(Stored records)
= Beginning of Section =
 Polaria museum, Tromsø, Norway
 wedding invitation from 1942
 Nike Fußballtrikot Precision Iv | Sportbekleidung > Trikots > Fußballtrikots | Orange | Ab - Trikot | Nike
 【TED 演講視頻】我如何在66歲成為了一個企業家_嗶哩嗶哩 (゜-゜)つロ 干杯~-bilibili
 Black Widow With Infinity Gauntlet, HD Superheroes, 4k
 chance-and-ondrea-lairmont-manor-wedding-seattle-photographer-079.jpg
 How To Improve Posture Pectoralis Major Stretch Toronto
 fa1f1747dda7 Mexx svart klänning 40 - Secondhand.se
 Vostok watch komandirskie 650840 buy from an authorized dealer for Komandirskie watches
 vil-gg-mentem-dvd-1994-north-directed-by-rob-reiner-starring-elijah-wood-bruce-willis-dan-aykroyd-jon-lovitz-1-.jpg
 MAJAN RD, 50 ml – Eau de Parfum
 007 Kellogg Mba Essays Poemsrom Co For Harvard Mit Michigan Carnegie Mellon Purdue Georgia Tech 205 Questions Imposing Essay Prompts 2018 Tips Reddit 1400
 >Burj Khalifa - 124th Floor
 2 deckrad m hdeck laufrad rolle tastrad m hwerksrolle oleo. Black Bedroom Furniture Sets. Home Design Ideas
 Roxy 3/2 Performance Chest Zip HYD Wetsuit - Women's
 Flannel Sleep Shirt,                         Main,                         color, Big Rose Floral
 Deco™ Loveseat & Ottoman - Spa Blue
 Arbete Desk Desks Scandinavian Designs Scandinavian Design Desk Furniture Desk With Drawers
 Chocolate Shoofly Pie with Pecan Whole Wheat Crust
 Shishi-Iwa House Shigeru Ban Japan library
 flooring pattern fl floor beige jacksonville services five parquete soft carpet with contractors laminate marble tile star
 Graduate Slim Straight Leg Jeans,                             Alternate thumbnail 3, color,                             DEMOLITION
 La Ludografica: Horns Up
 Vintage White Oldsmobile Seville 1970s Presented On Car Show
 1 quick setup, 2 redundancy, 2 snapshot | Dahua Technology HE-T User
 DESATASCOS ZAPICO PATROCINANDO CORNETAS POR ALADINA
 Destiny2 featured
= End of Section =
** Work item **
Beginning with the first line above, could you copy every line exactly, up to and including the one with "Black Widow With"?

** Response area **
 Polaria museum, Tromsø, Norway
 wedding invitation from 1942
 Nike Fußballtrikot Precision Iv | Sportbekleidung > Trikots > Fußballtrikots | Orange | Ab - Trikot | Nike
 【TED 演講視頻】我如何在66歲成為了一個企業家_嗶哩嗶哩 (゜-゜)つロ 干杯~-bilibili
 Black Widow With Infinity Gauntlet, HD Superheroes, 4k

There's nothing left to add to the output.